##### DATA RECORDS
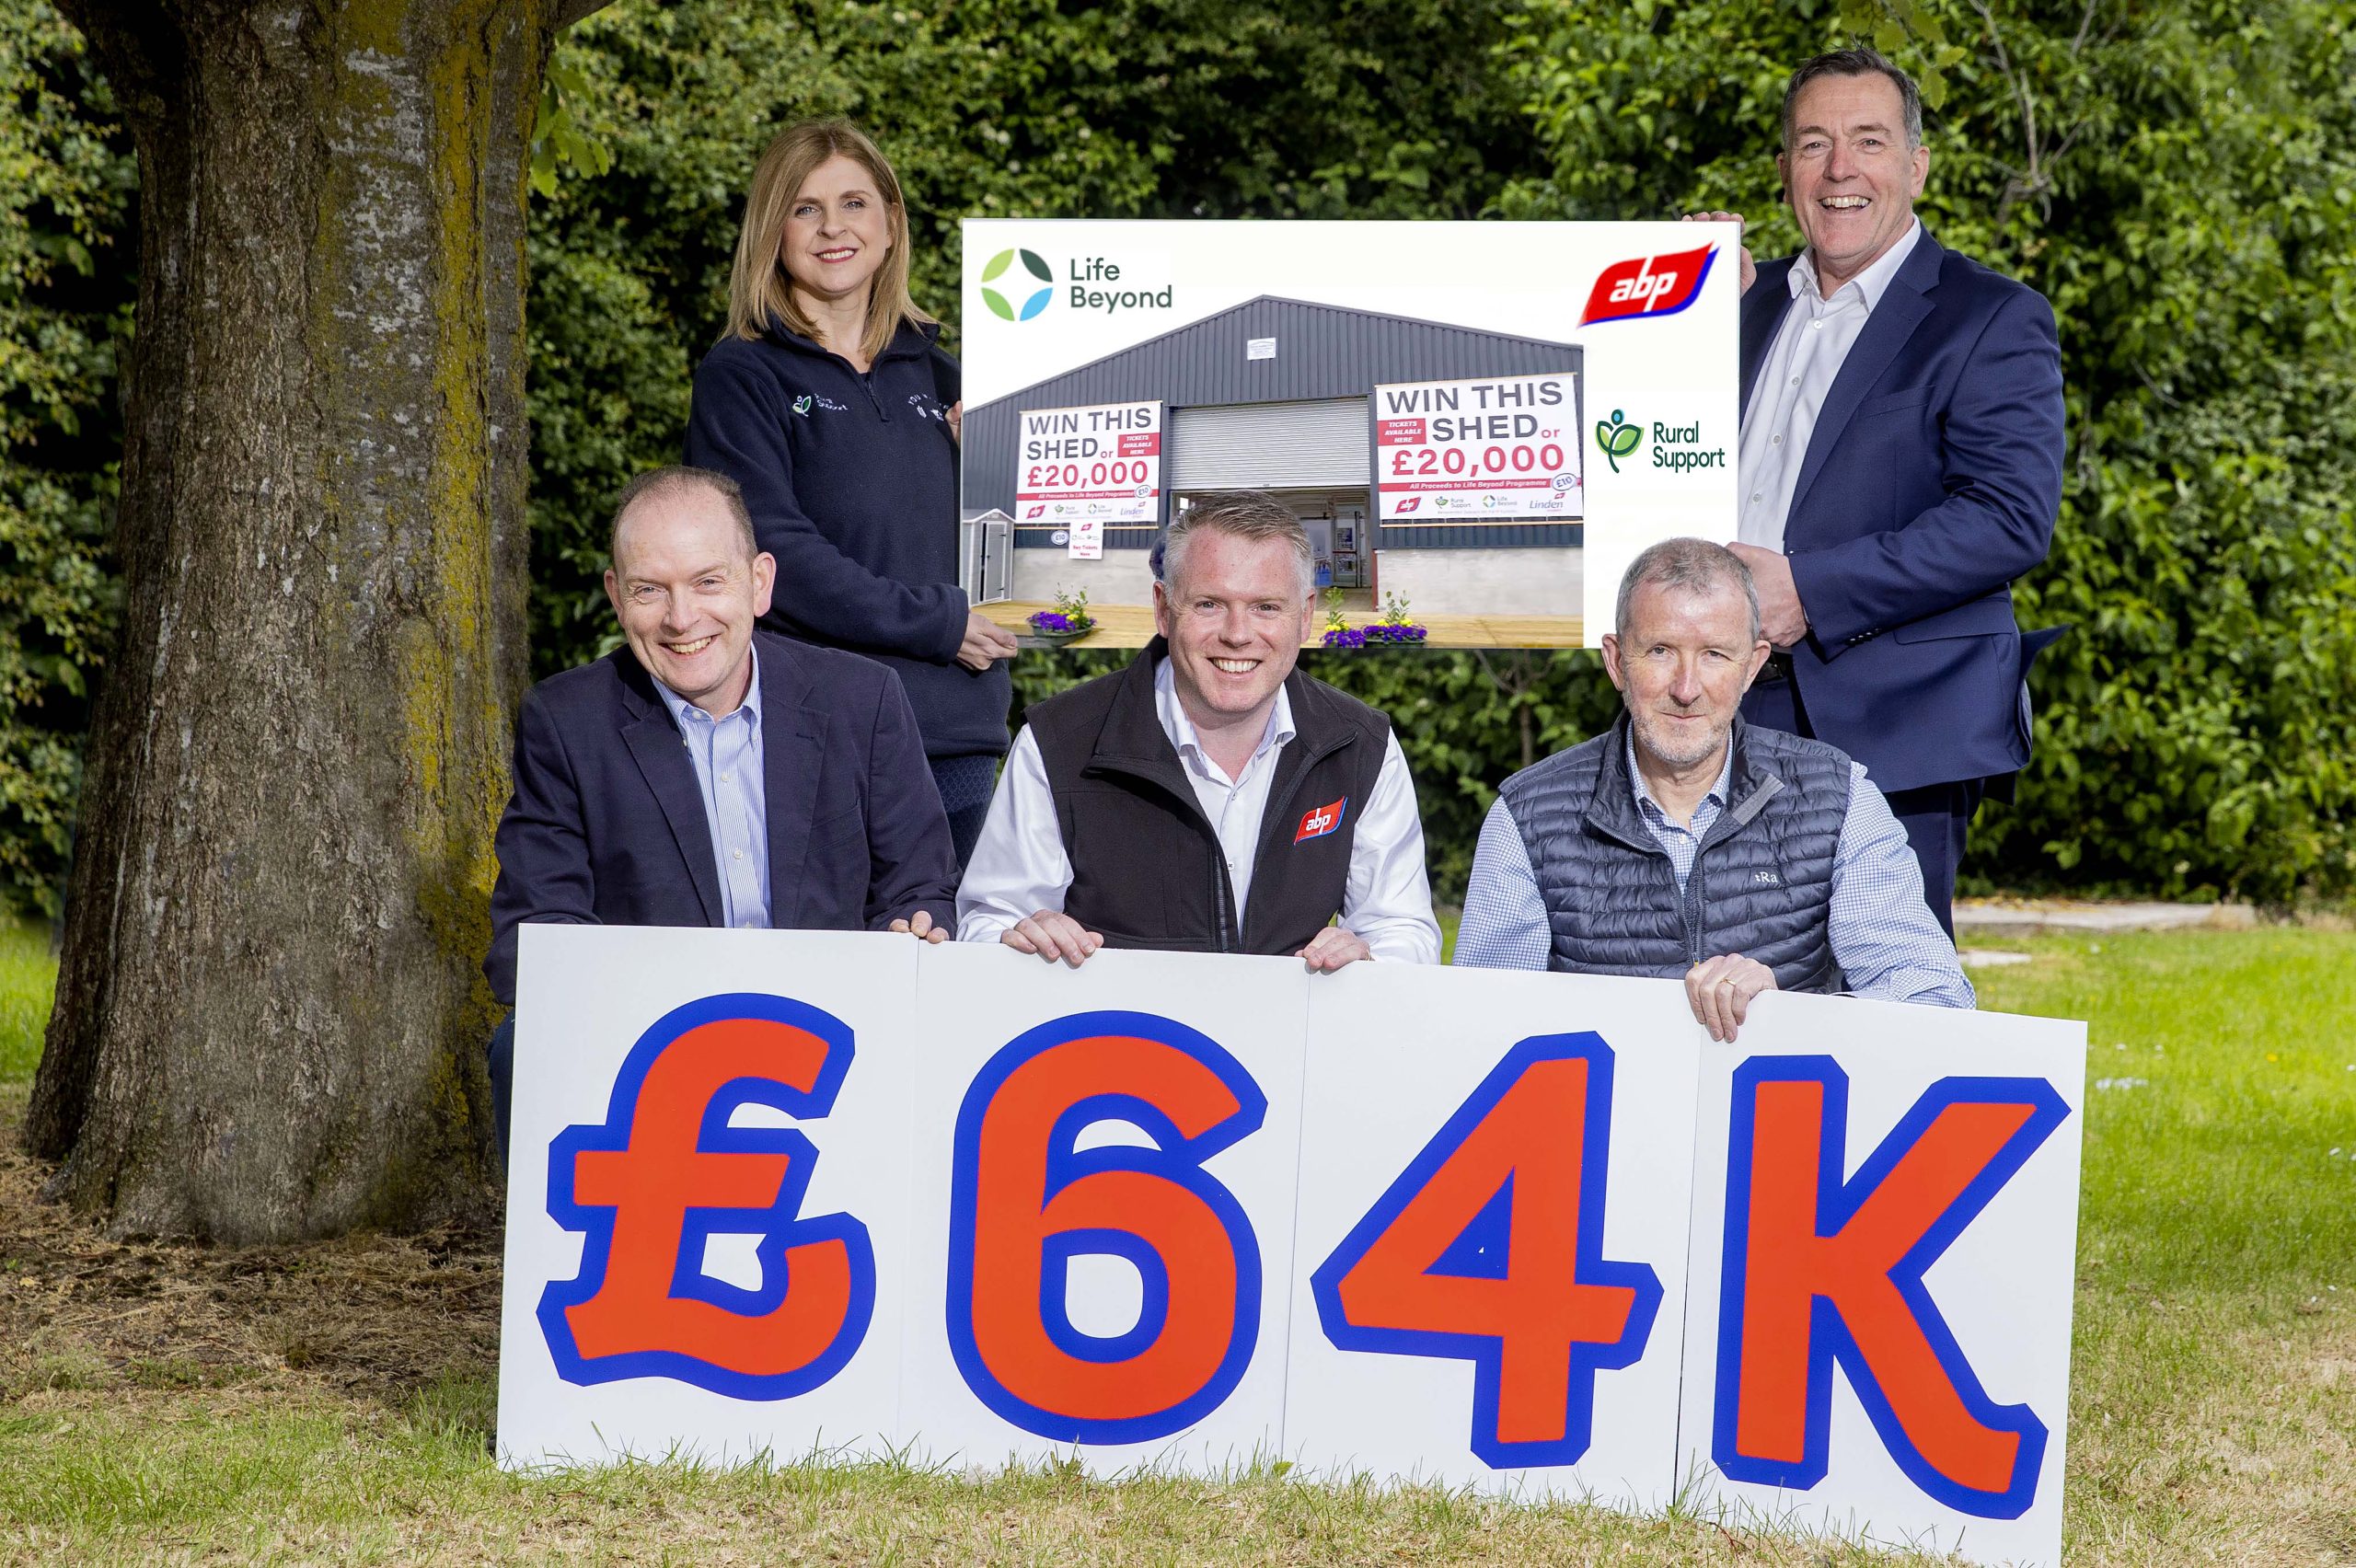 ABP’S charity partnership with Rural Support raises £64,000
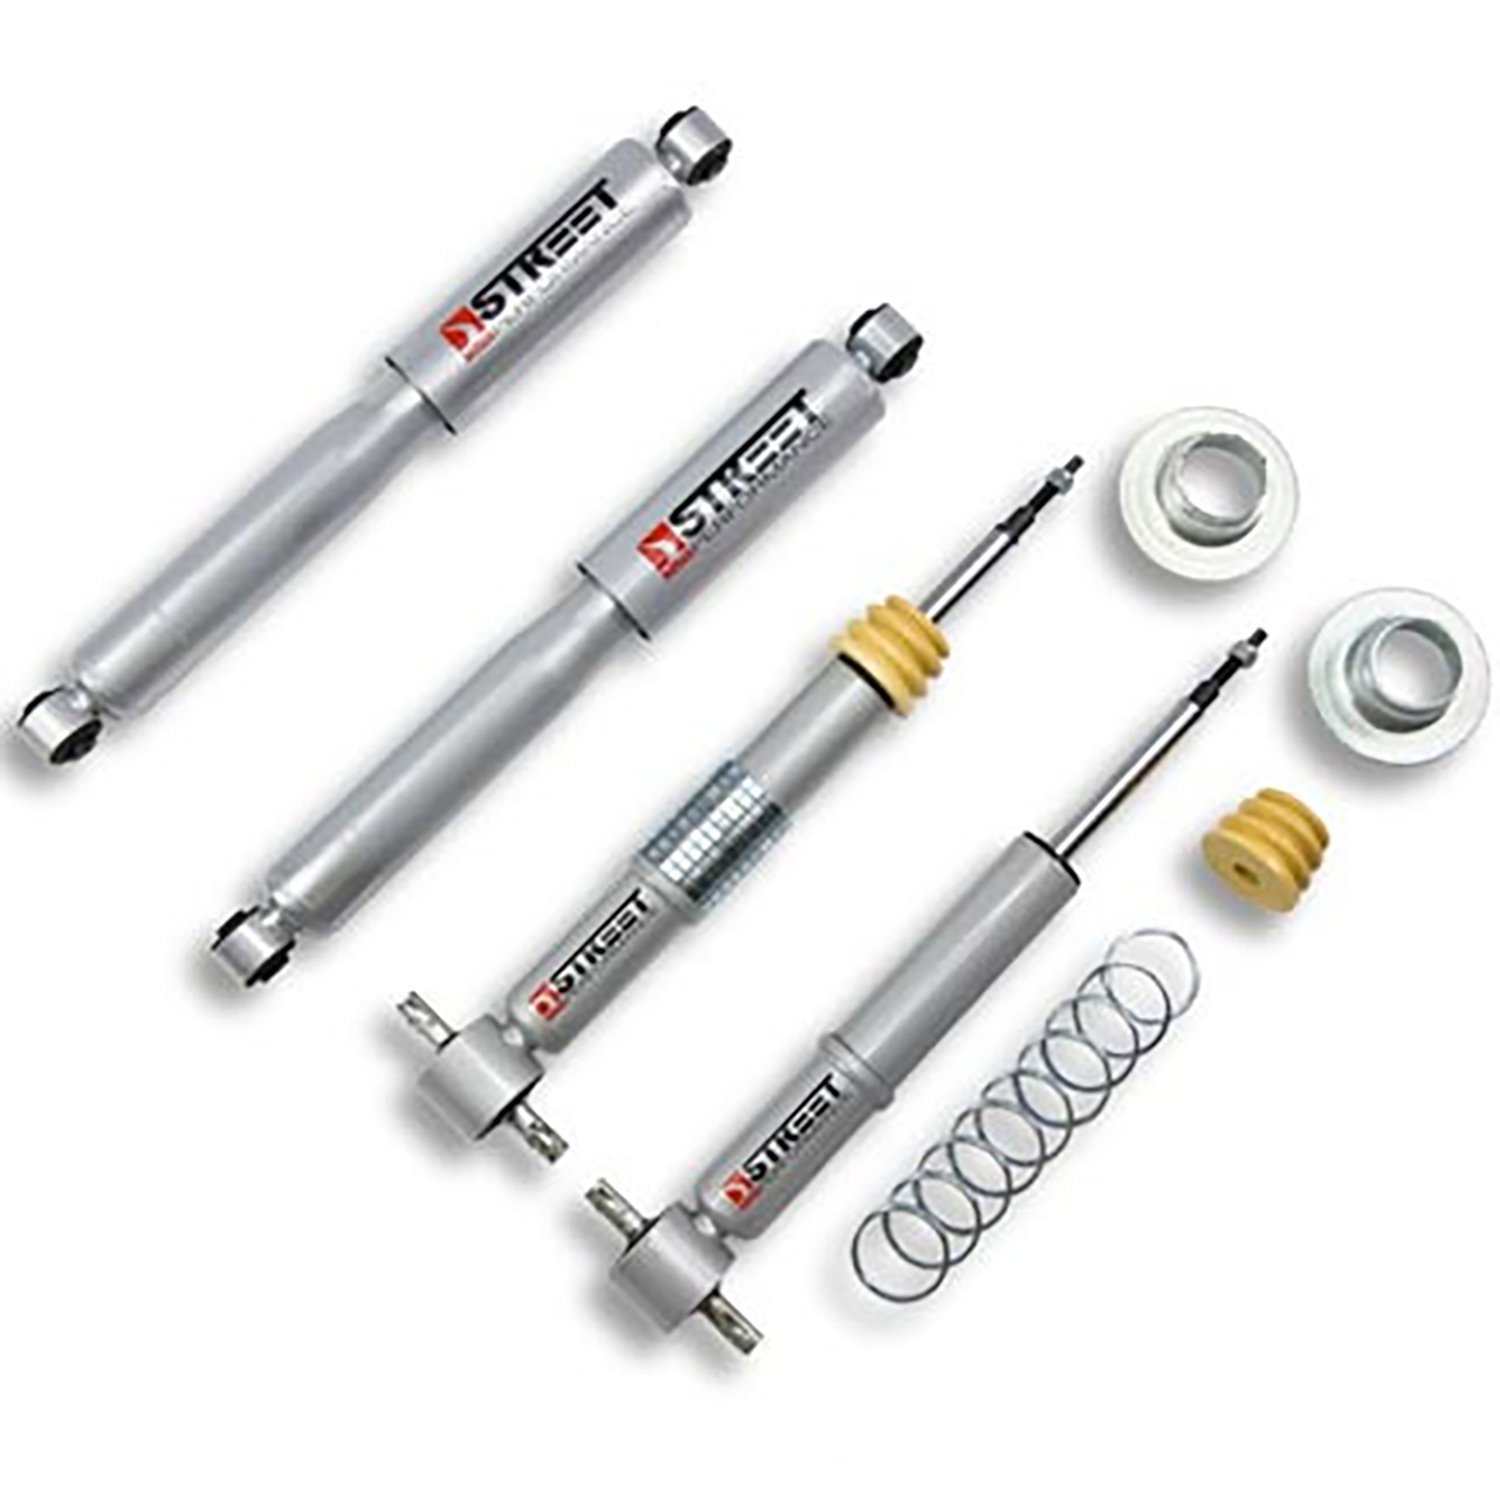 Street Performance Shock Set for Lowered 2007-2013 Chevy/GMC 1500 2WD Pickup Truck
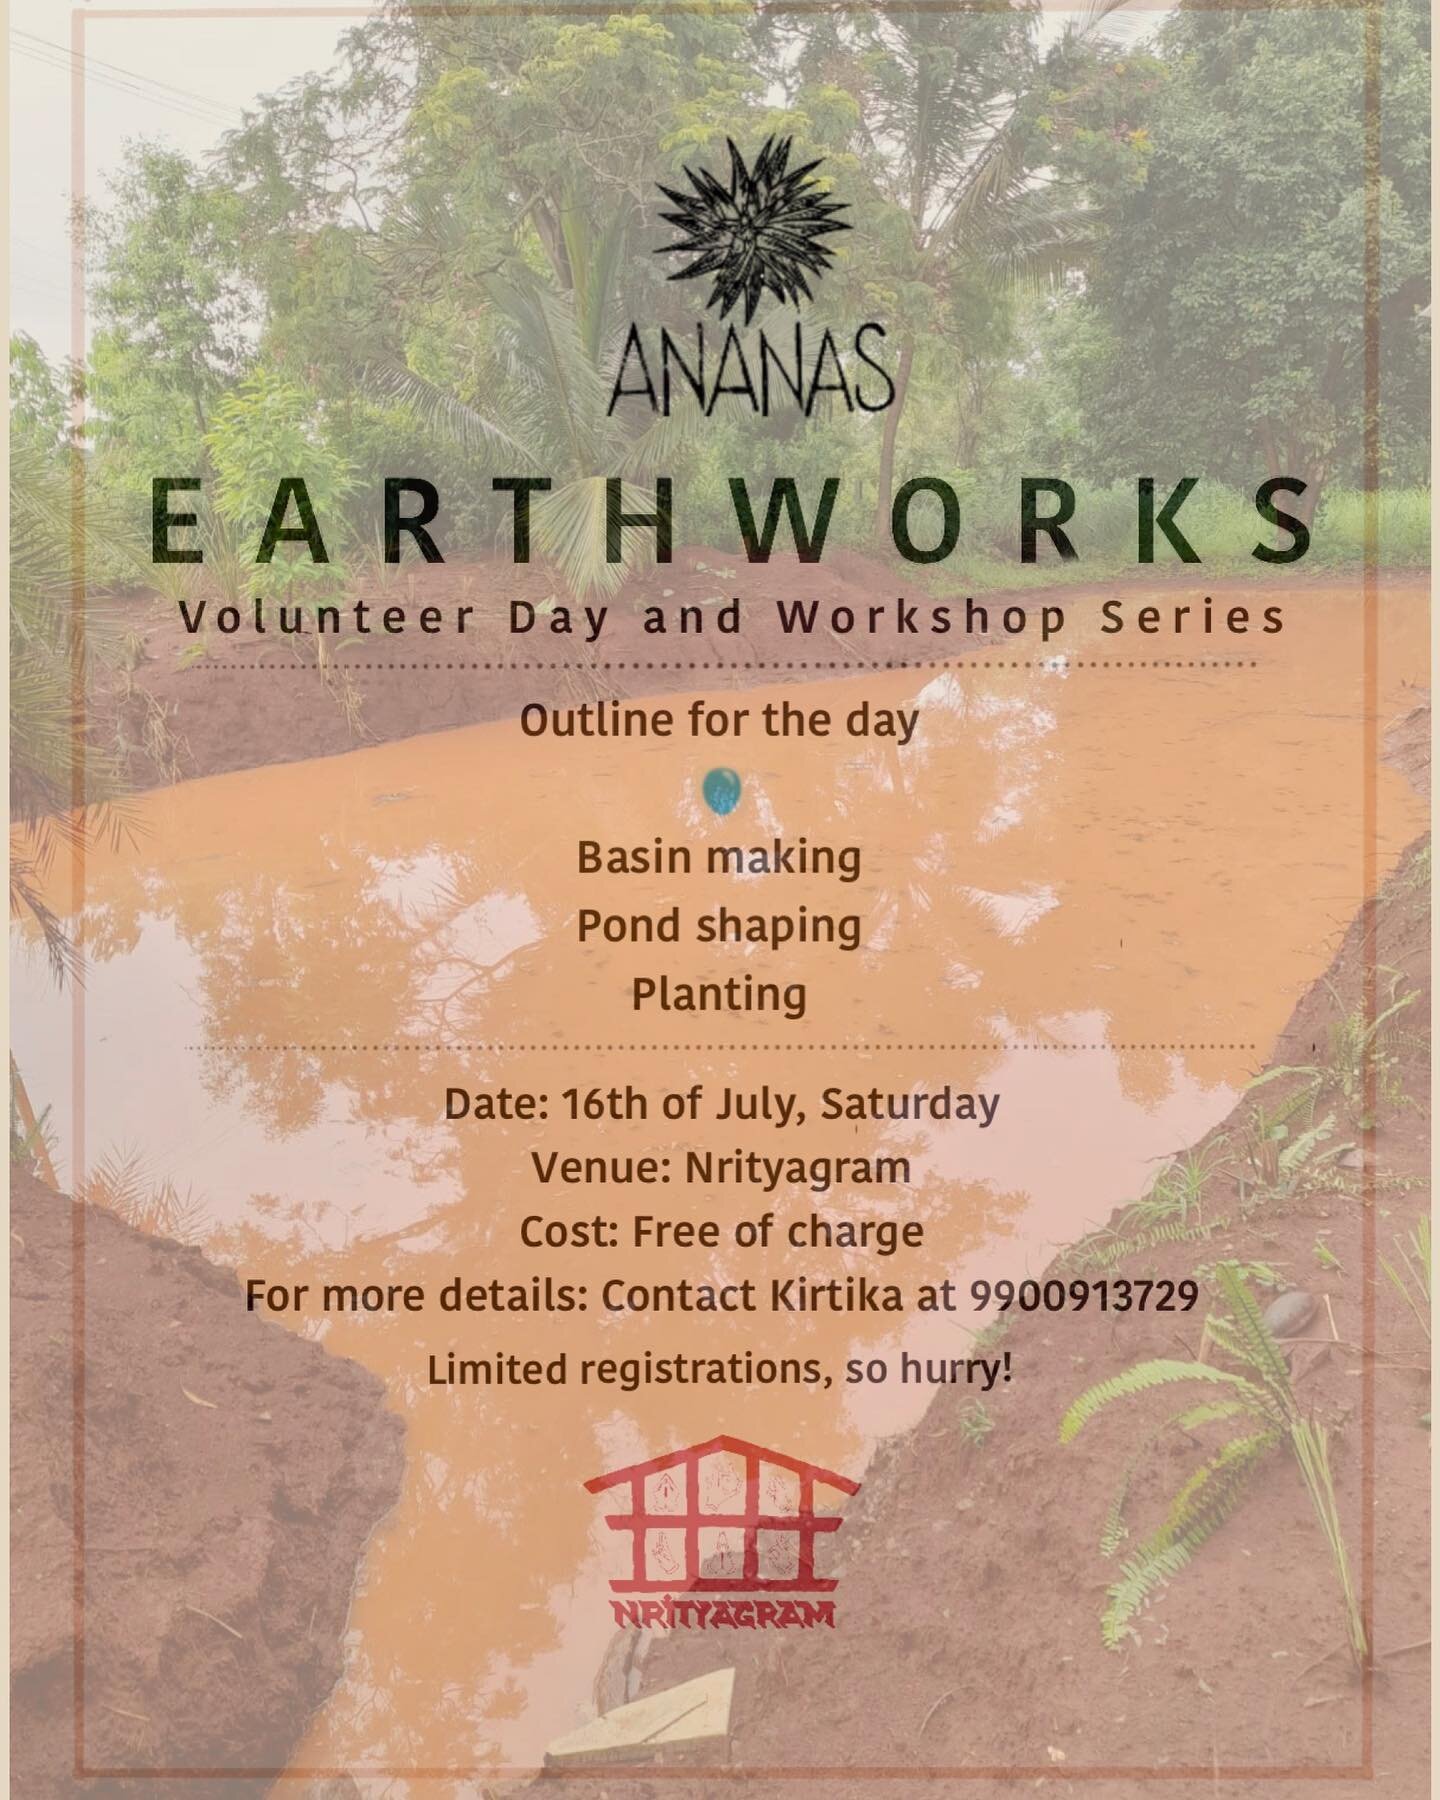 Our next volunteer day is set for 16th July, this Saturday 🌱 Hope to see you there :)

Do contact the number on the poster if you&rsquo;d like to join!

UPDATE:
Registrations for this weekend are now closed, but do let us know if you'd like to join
##########
EXERCISE OBJECTIVE: Determine how many lines in the entries hold the string "join". Write only the number.

RESPONSE TO THIS TASK: 2